** What you should do **
Exclude images; transcribe the rest of the data exactly.

** Information shown **
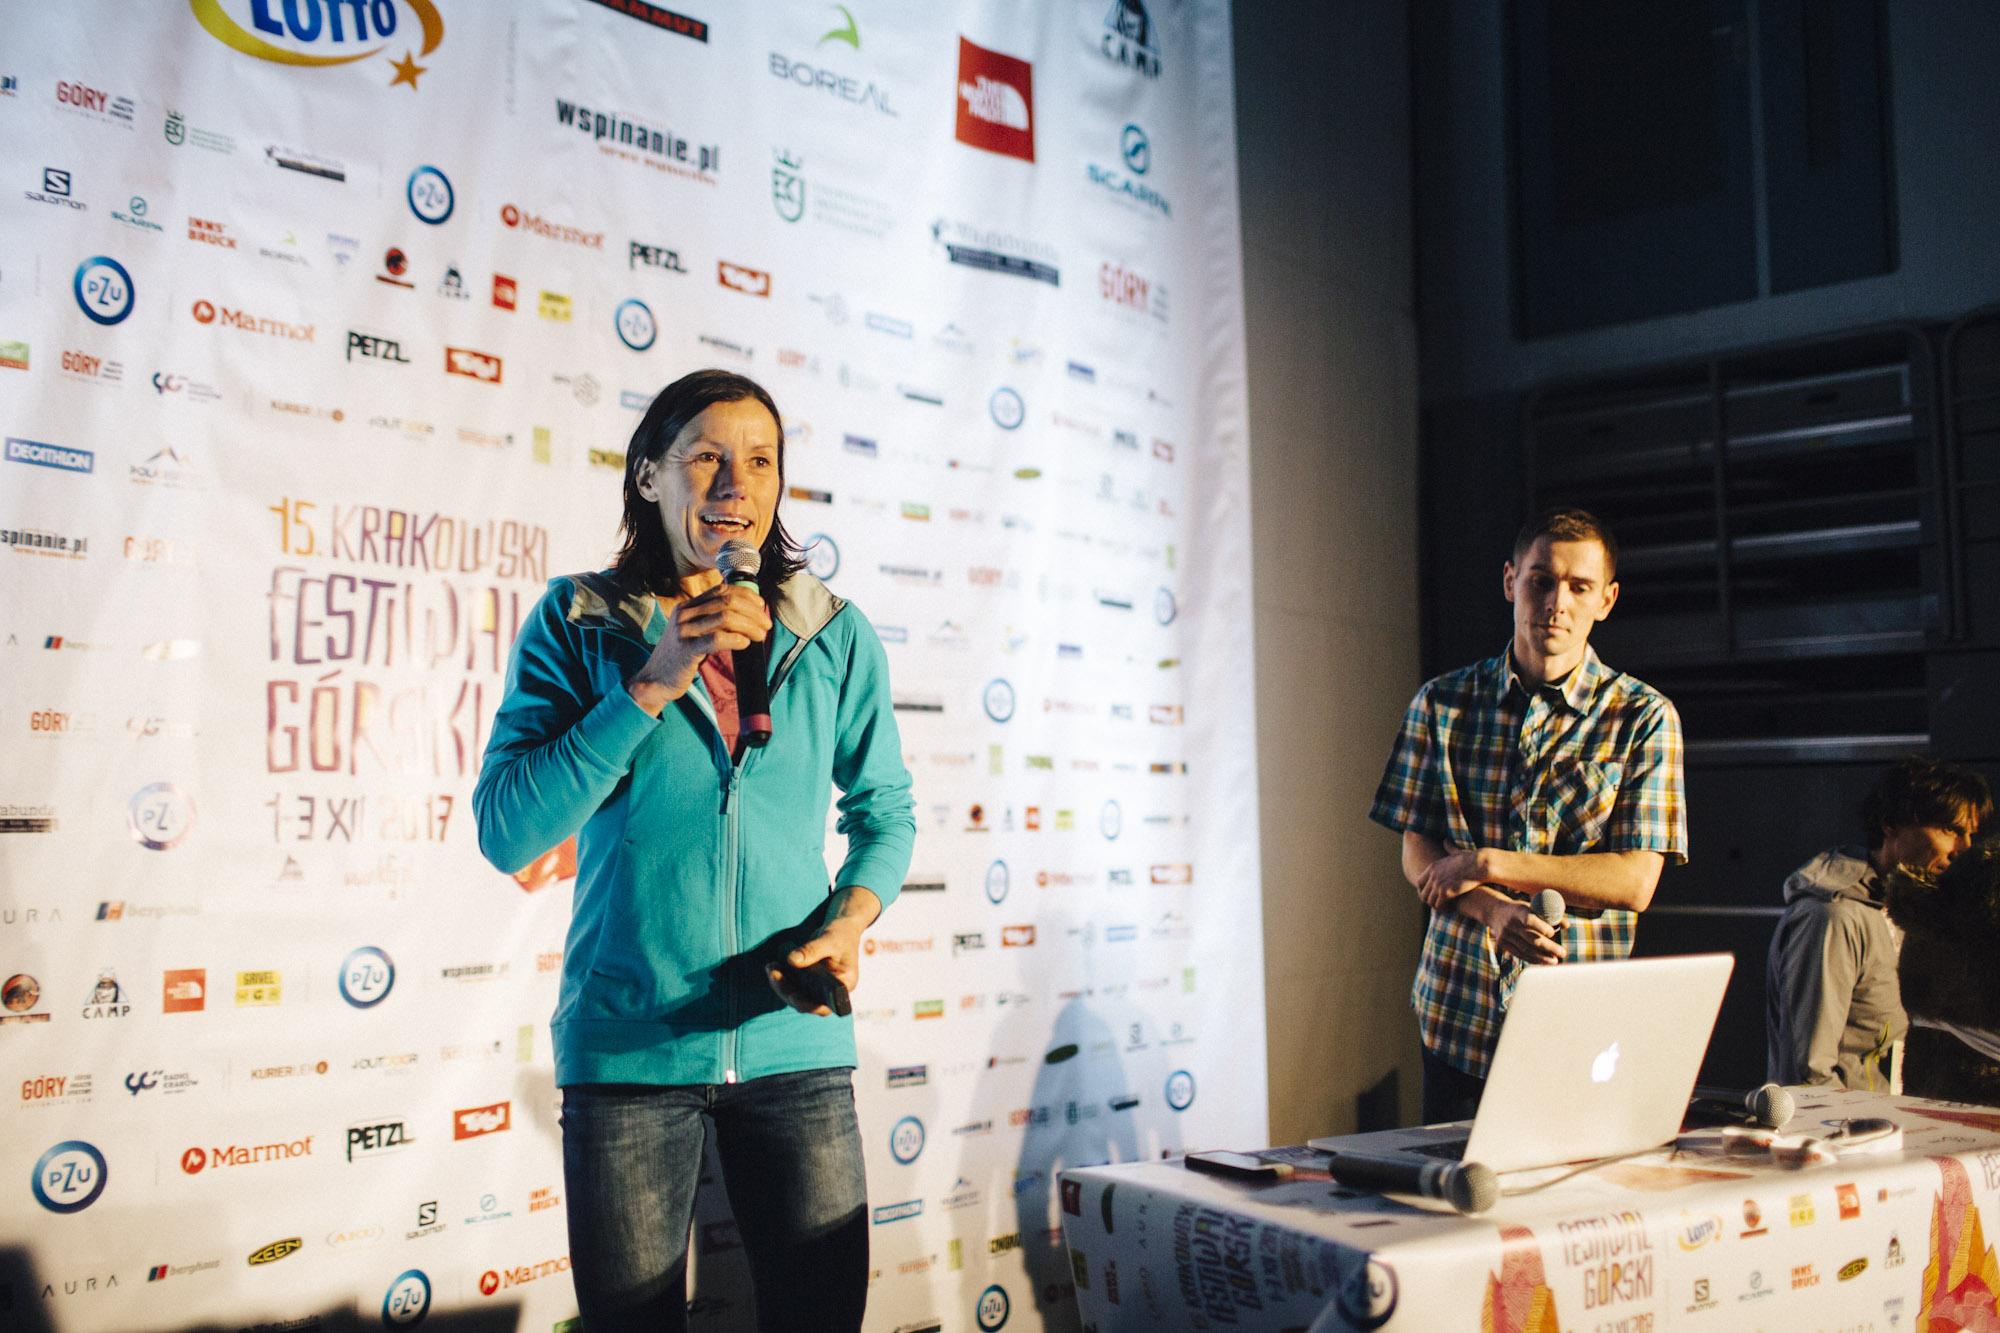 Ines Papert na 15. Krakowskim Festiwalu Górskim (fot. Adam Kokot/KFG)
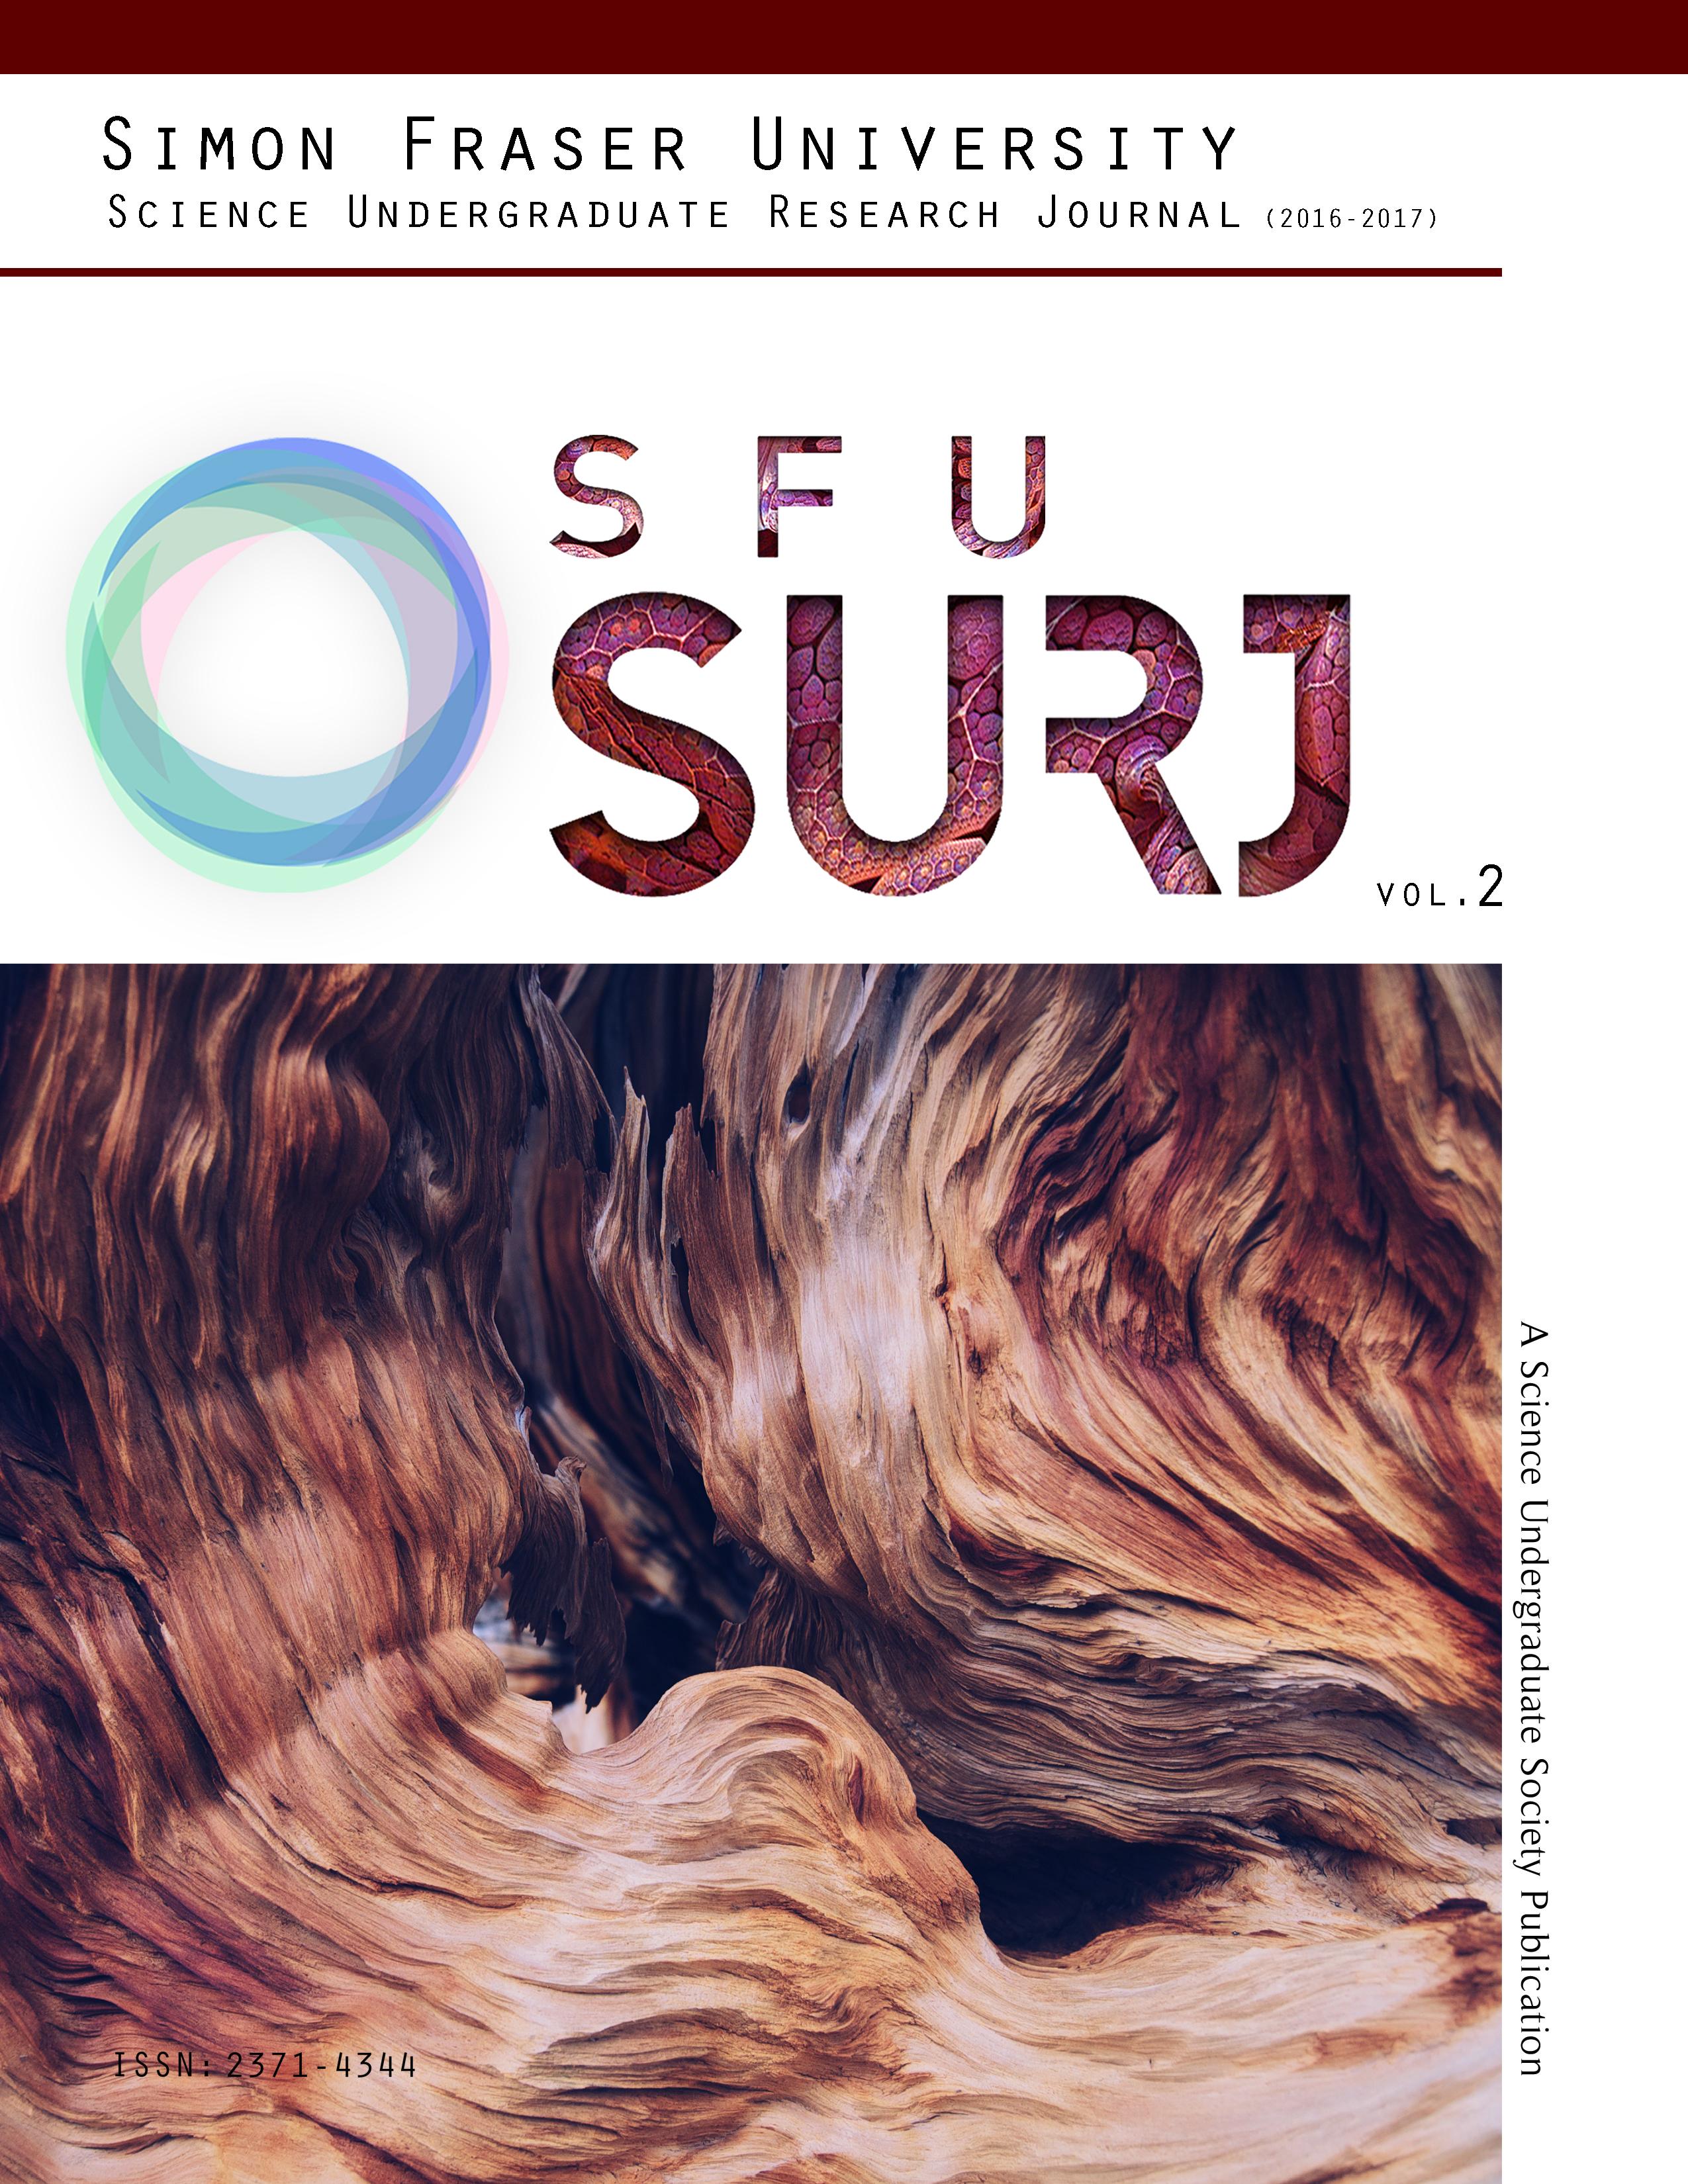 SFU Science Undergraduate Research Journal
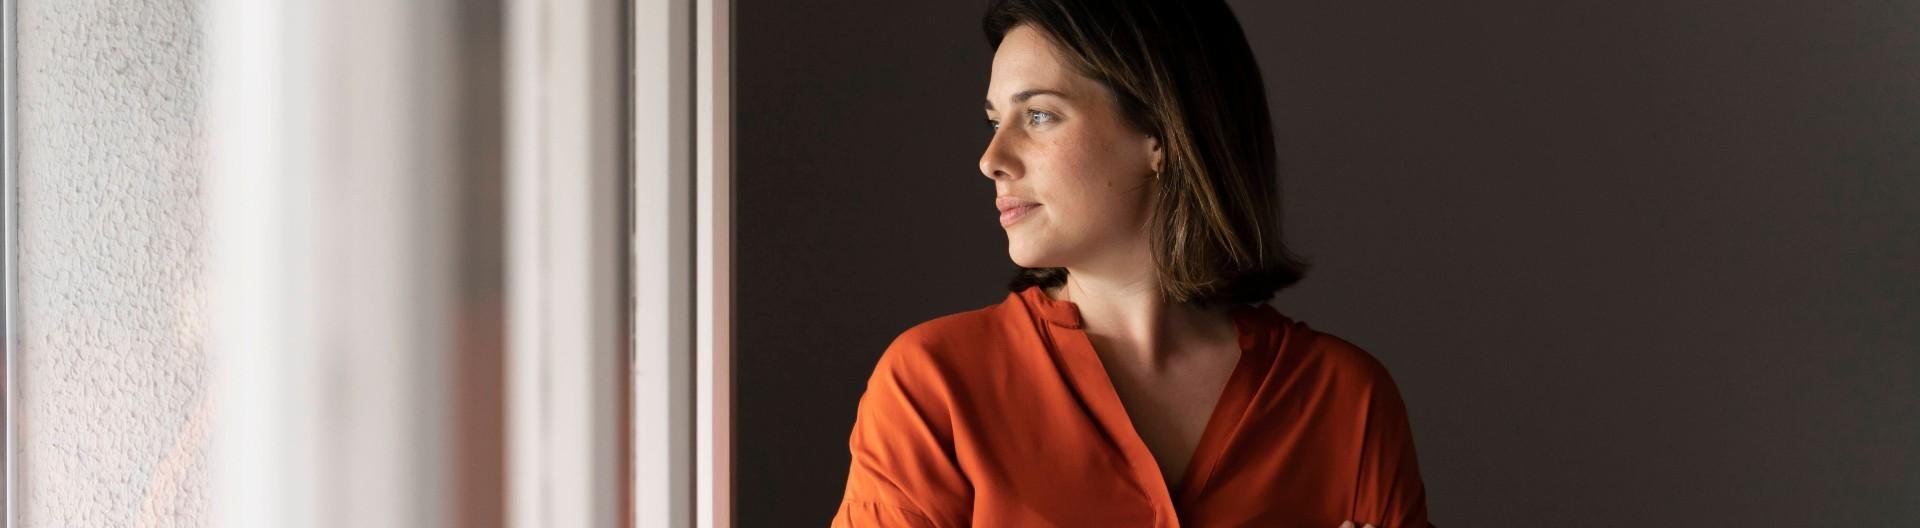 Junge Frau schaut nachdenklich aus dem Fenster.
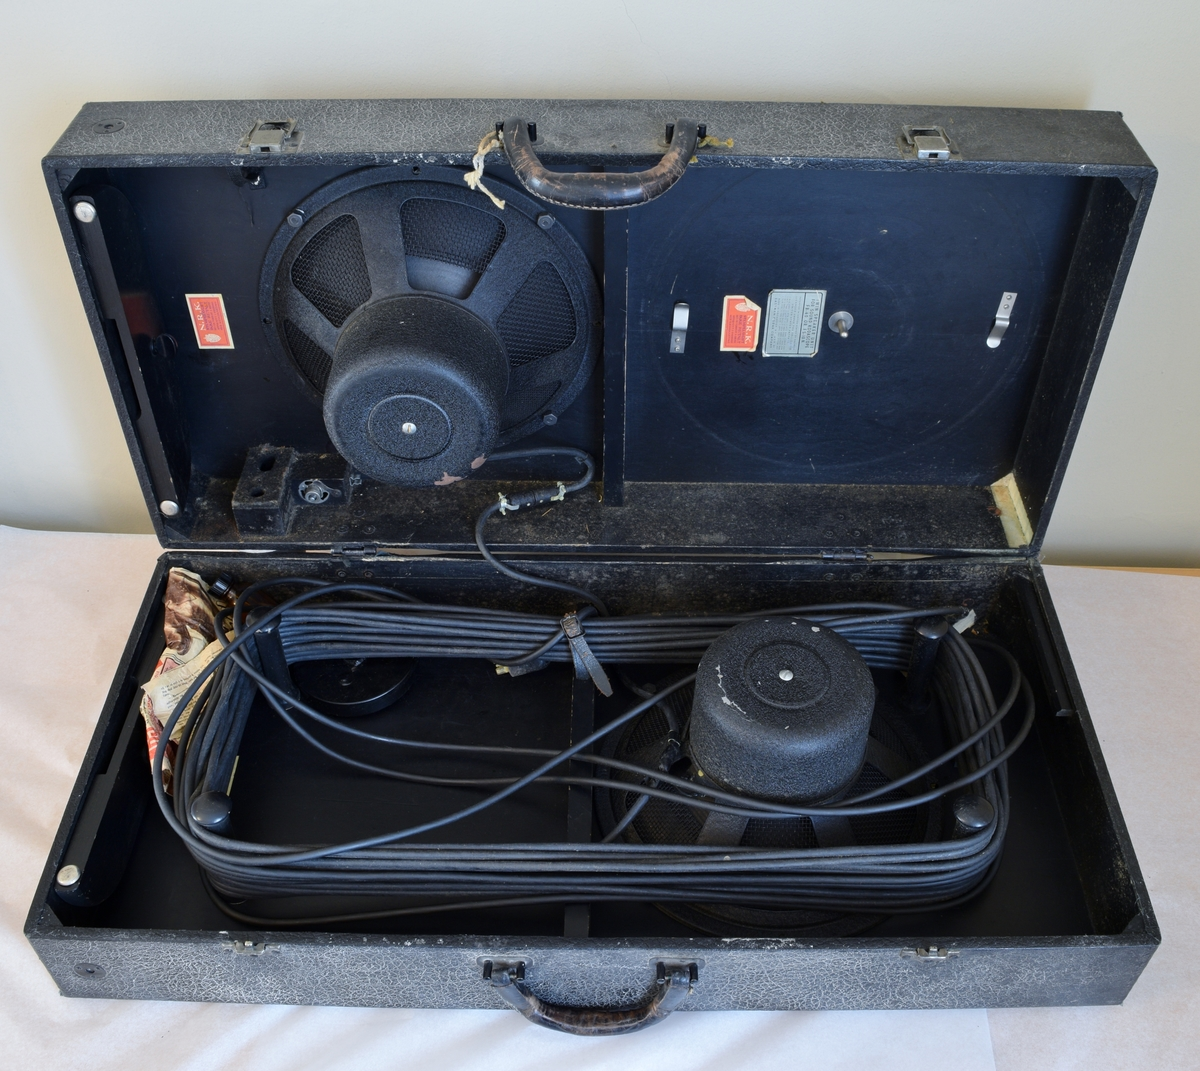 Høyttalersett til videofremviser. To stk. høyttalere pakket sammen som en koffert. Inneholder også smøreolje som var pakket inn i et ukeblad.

** Answer to this task **
 Ines Papert na 15. Krakowskim Festiwalu Górskim (fot. Adam Kokot/KFG)
 SFU Science Undergraduate Research Journal
 Junge Frau schaut nachdenklich aus dem Fenster.
 Høyttalersett til videofremviser. To stk. høyttalere pakket sammen som en koffert. Inneholder også smøreolje som var pakket inn i et ukeblad.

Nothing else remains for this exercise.